In 1981 he joined the faculty of the
University of Delaware,
School of Life and Health Sciences.
In 1993, he received a joint appointment in
Computer and Information Science
at U. of Delaware, and was appointed to the
External Faculty of the
Santa Fe Institute. In August of 1993, he joined the new
Evolutionary Systems Department
at
ATR (Advanced Telecommunications Research Institute International)

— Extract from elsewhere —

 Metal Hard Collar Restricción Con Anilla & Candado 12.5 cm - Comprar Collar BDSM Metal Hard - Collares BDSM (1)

Human Information Processing Research Labs in Japan,
as an invited researcher. In August 1998 he became a Professor of
Zoology at the University of
Oklahoma,
with an adjunct appointment as Professor of
Computer Science.
Over the years, Tom has been involved in three completely different
research programs:
From 1974 to 1989, Tom was a tropical biologist who studied the
evolution and ecology of a variety of organisms inhabiting rain forests.

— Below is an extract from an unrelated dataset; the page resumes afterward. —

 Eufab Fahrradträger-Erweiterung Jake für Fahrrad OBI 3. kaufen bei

His work focused primarily on the foraging behavior of vines in the
family Araceae, however, he has also studied ants, butterflies and
beetles.
Most of his field work has been conducted in
Costa Rica. After 1982, he worked principally at Finca El Bejuco
biological station located in the lowland rain forests of northern
Costa Rica, which he built, owns and operates. He was deeply
involved in
rain forest conservation in Costa Rica.
From 1990 to 2001, he conducted research on
evolution in the digital medium. This work began with the creation
of
Tierra, a system in which self-replicating machine code programs
evolved by natural selection. In 2000, he implemented a system called
Virtual Life, which is a derivative of
Evolved Virtual Creatures
originally created by
Karl Sims.
In the summer of 2001, Tom began his third major research direction,
which is actually two somewhat related research programs. One is
an exploration of the newly created genome databases, with
a broad interest in interesting discoveries that might be made
there. He is using the genome databases to study the origin and
evolution of gene families. He is also exploring the possibility
that the genomic data may provide new approaches for understanding
the human mind. The new genome databases can provide a complete catalog
of
chemical communication systems in the brain. They have the potential
of providing a comprehensive understanding of the processes of
development and differentiation that generate the architecture of the
brain. And by comparing human and ape genomes, they can point
to the neural structures that make us uniquely human. The second area
of research that he is developing is the use of pharmacology as an
experimental approach to understand the chemical organization of the
brain and the mind that emerges from it.
His publications include
Kurzweil’s Turing Fallacy,
Aesthetically Evolved Virtual Pets,
Evolution of Complexity:
Tissue Differentiation in Network Tierra,
Selecting Naturally for Differentiation:
preliminary evolutionary results,
Evolving Parallel Computation,
Evolution, Complexity, Entropy, and Artificial Reality
A proposal to create a network-wide biodiversity reserve for digital
organisms, and
How I created life in a virtual universe.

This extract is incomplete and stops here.